Tag Archives: Knight Foundation

Expanding the Television Archive

When we started archiving television in 2000, people shrugged and asked, “Why?  Isn’t it all junk anyway?” As the saying goes, one person’s junk is another person’s gold. From 2010-18, scholars, pundits and above all, reporters, have spun journalistic gold from the data captured in our 1.5 million hours of television news recordings. Our work has been fueled by visionary funders(1) who saw the potential impact of turning television – from news reports to political ads – into data that can be analyzed at scale. Now the Internet Archive is taking its Television Archive in new directions. In 2018 our goals for television will be: better curation in what we collect; broader collection across the globe; and working with computer scientists interested in exploring our huge data sets. Simply put, our mission is to build and preserve comprehensive collections of the world’s most important television programming and make them as accessible as possible to researchers and the general public. We will need your help.  

“Preserving TV news is critical, and at the Internet Archive we’ve decided to rededicate ourselves to growing our collection,” explained Roger MacDonald, Director of Television at the Internet Archive. “We plan to go wide, expanding our archives of global TV news from every continent. We also plan to go deep, gathering content from local markets around the country. And we plan to do so in a sustainable way that ensures that this TV will be available to generations to come.”
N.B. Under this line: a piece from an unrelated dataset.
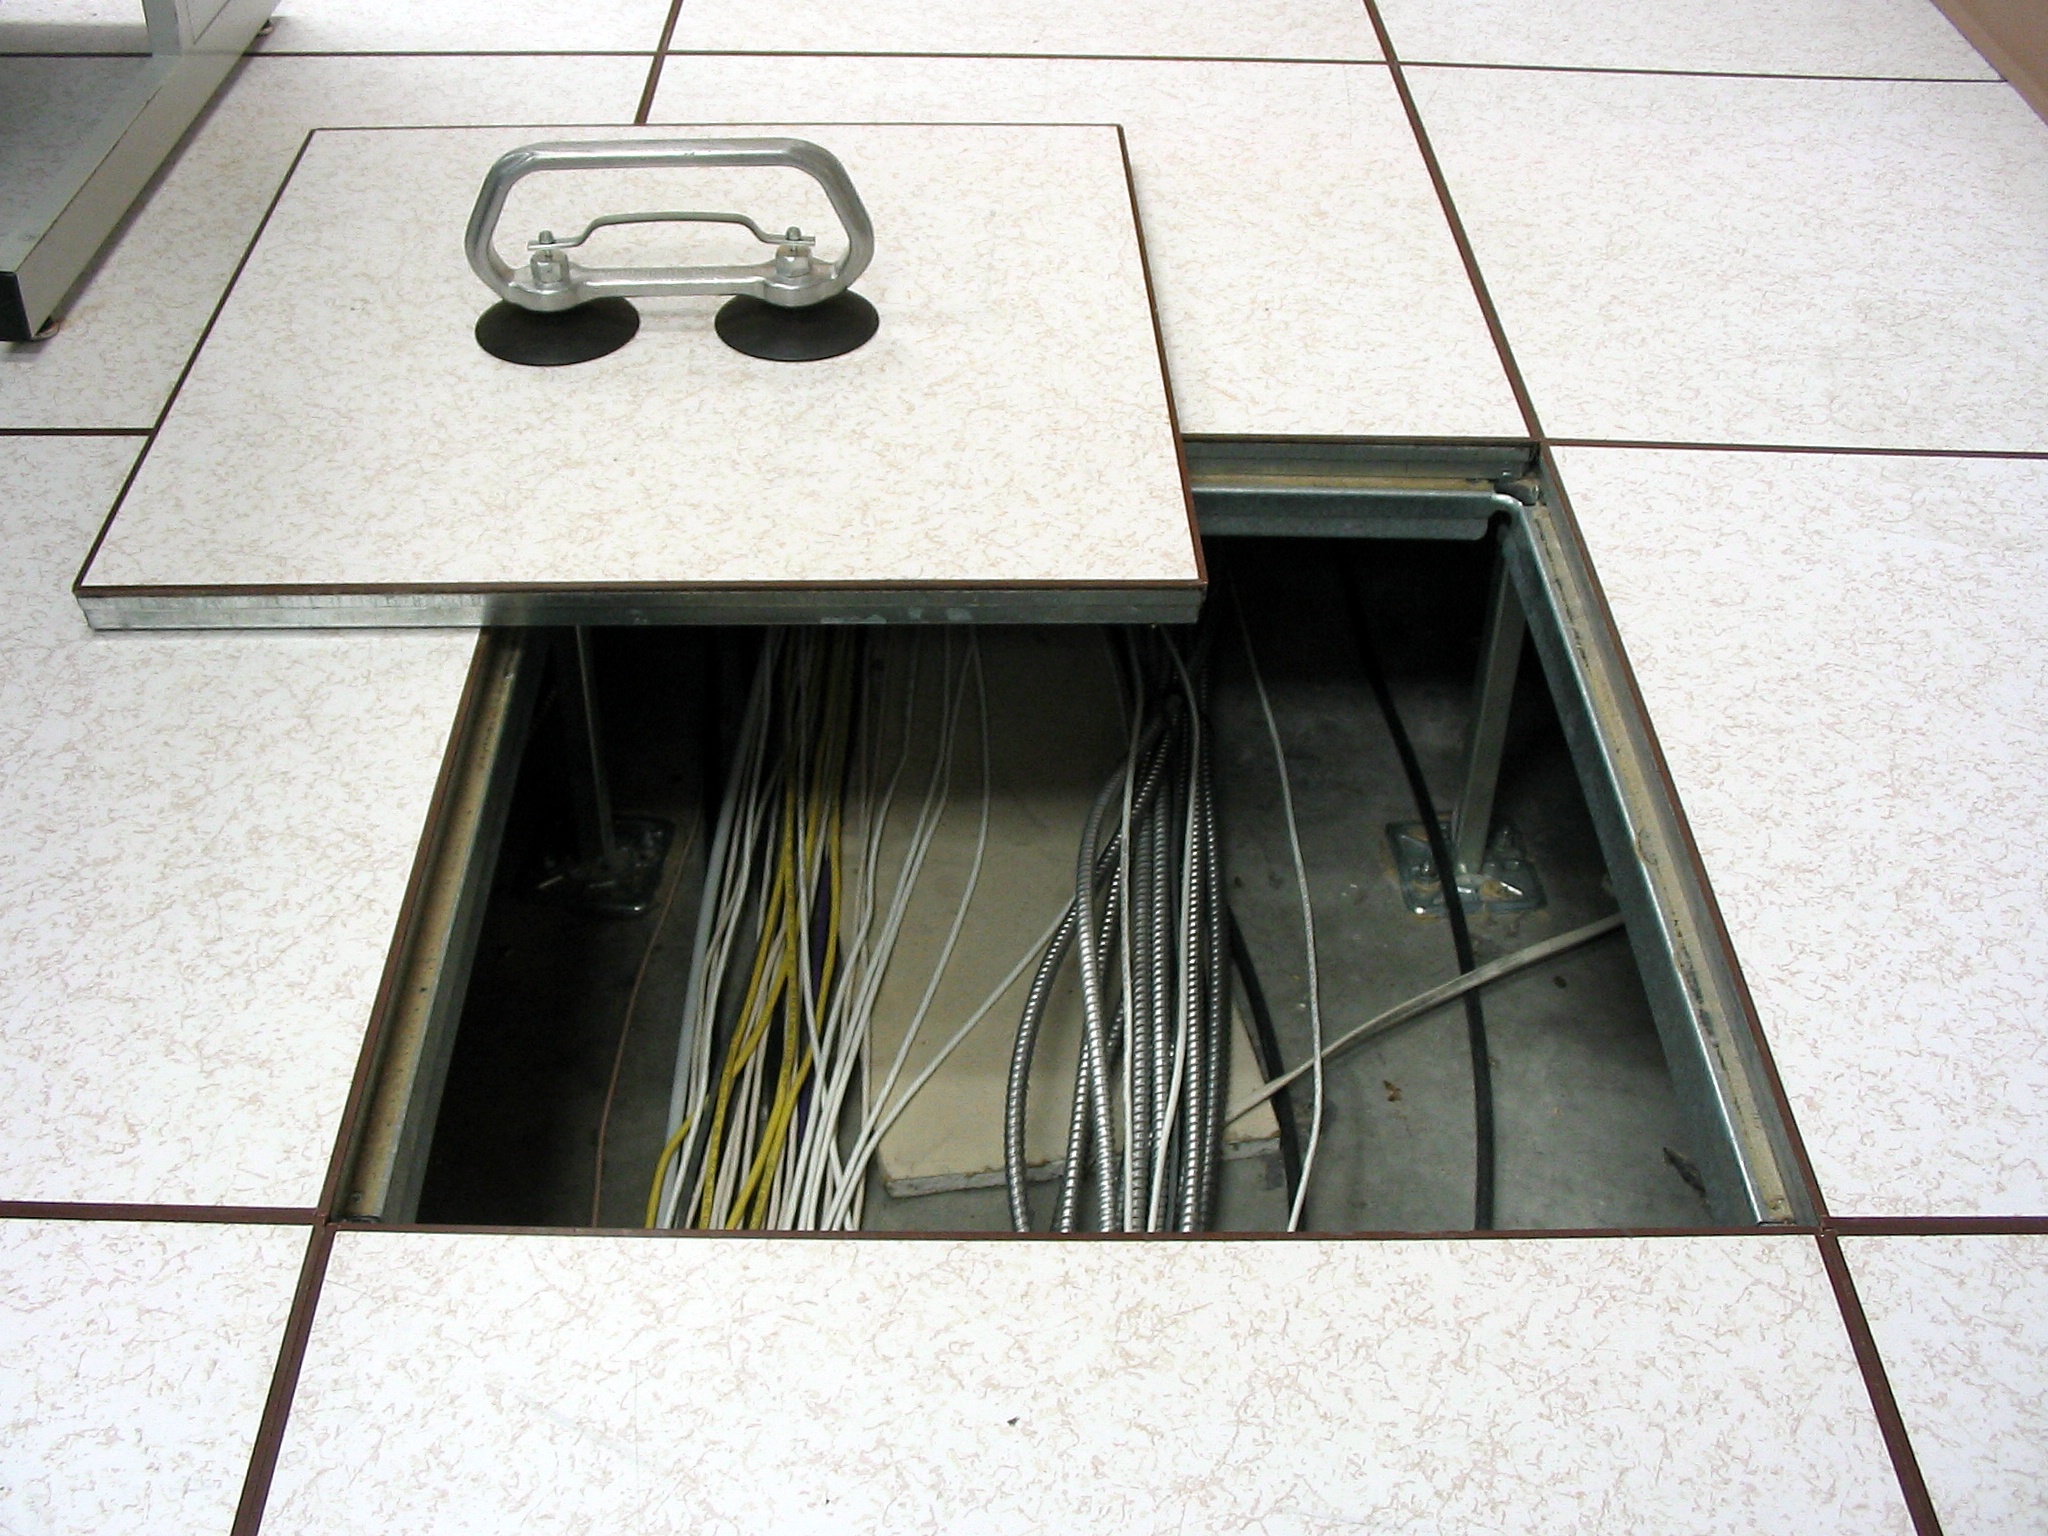 A raised section of computer floor

Libraries, museums and memory institutions have long played a critical role in preserving the cultural output of our creators. Television falls within that mandate. Indeed some of the most comprehensive US television collections are held by the Library of Congress, Vanderbilt University and UCLA. Now we’d like to engage with a broad range of libraries and memory institutions in the television collecting and curation process. If your organization has a mandate to collect television or researcher demand for this media, we would like to understand your needs and interests. The Internet Archive will undertake collection trials with interested institutions, with the eventual goal of making this work self-sustaining.

Simultaneously, we are looking to engage researchers interested in the non-consumptive analysis of television at scale, in ways that continue to respect the interests of right holders. The tools we’ve created may be useful. For instance, we hope the tools the Internet Archive used to detect TV campaign ads can be applied by researchers in new and different ways.  If your organization has interest in computing with television as data at large, we are interested in working with you.

This groundbreaking interface for searching television news, based on the closed captions associated with US broadcasts, was developed between 2009-2012.

A brief history of the Internet Archive’s Television collection:

2000 Working with pioneering engineer, Rod Hewitt, IA begins archiving 20 channels originating from many nations.

Oct. 2001 September 11, 2001 Collection established, and enhanced in 2011.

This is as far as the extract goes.